___ AVAILABLE DATA ___

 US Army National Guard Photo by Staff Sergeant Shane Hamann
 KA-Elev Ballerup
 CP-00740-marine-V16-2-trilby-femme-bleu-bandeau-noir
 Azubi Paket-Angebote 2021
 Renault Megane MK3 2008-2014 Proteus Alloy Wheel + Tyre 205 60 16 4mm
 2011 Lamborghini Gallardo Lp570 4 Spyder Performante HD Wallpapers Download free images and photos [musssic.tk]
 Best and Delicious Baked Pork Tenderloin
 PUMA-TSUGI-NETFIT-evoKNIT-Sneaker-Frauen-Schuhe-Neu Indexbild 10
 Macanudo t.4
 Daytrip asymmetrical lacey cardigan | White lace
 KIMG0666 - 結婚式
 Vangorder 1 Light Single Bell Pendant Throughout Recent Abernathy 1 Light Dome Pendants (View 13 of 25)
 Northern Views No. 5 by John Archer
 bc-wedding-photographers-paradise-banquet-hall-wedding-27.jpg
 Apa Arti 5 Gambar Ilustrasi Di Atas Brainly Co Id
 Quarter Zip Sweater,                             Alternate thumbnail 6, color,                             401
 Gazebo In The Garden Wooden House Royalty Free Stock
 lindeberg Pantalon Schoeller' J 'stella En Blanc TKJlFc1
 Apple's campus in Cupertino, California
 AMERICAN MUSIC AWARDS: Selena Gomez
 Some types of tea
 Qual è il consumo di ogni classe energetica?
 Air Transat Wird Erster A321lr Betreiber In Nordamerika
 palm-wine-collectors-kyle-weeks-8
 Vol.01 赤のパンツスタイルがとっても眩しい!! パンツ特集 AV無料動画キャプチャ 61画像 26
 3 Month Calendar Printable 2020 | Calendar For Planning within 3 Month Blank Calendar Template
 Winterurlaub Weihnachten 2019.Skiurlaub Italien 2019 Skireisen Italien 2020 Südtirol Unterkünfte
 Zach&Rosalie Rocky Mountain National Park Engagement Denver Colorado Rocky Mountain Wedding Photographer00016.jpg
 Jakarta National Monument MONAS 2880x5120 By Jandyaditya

___

* TASK OBJECTIVE: Find how many lines above include "National"; reply with the number only.

* ANSWER SPACE: 3